Say It Again (First Wives, #5)(6)



“I wonder how long it will take before I no longer feel as if I’m sneaking into the faculty’s lounge.”

Brigitte smiled. “It took me about a month.”

Sasha paused. “You were a student at Richter?”

“I was.”

“How come I didn’t know that?”

“It’s our policy that students have no knowledge of the instructor’s life outside of Richter. Our past, or families . . . nothing. It’s safer that way.”

The word safe had Sasha hesitating. “I’m safe now?”

“You came back. Very few students ever return to Richter.”

Sasha sipped her beer. “You mean students don’t want to return to a school that is half education, half prison, and half military training? I’m shocked.” Her condescending tone made it clear she wasn’t.

“There is one too many halves in there.”

“The military and education I understood. The prison aspect escapes me.”

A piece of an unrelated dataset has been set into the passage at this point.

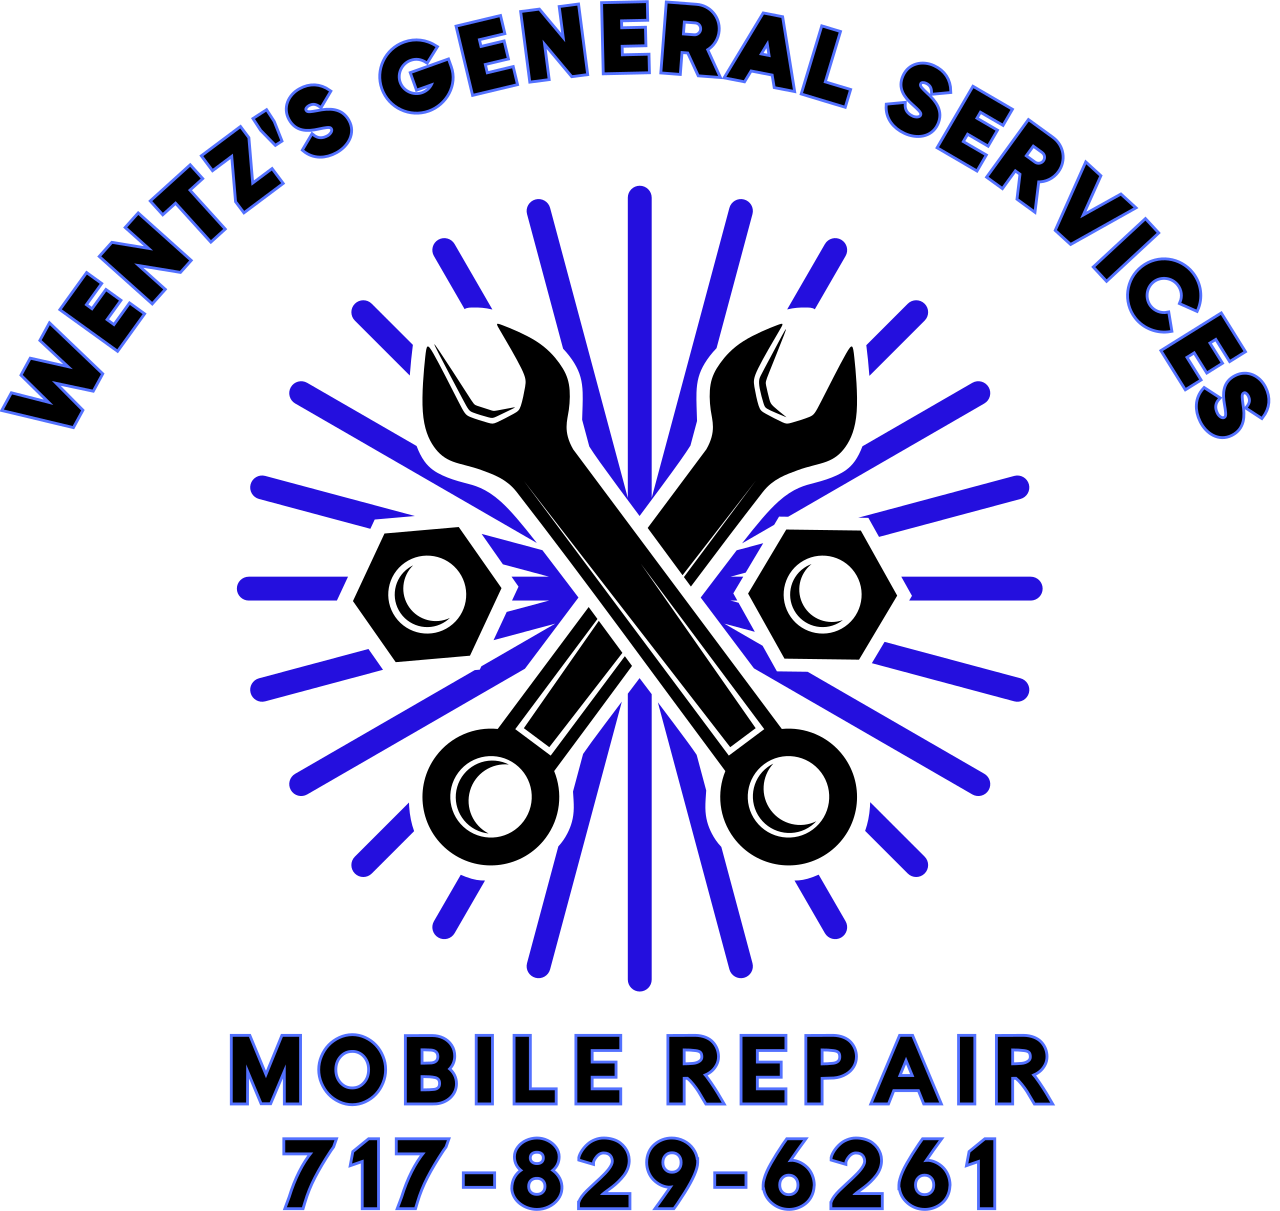 WENTZ'S GENERAL SERVICES's web page

Brigitte pushed a strand of her dishwater blonde hair behind her ear. “Even a whisper of a military boarding school as diverse as Richter, inside the borders of Germany after the Cold War, would be a lot for the general public to swallow. Having our students spending their evenings in places like this, talking and carrying on, would not be received well. You know the demographics of our students. It’s for everyone’s safety that the doors are locked at night.”

“I suppose.”

“Although I wouldn’t mind a little easing up on some of the rules.”

“Maybe things will with time.”

Brigitte tilted her head to the side. “Why did you come back?”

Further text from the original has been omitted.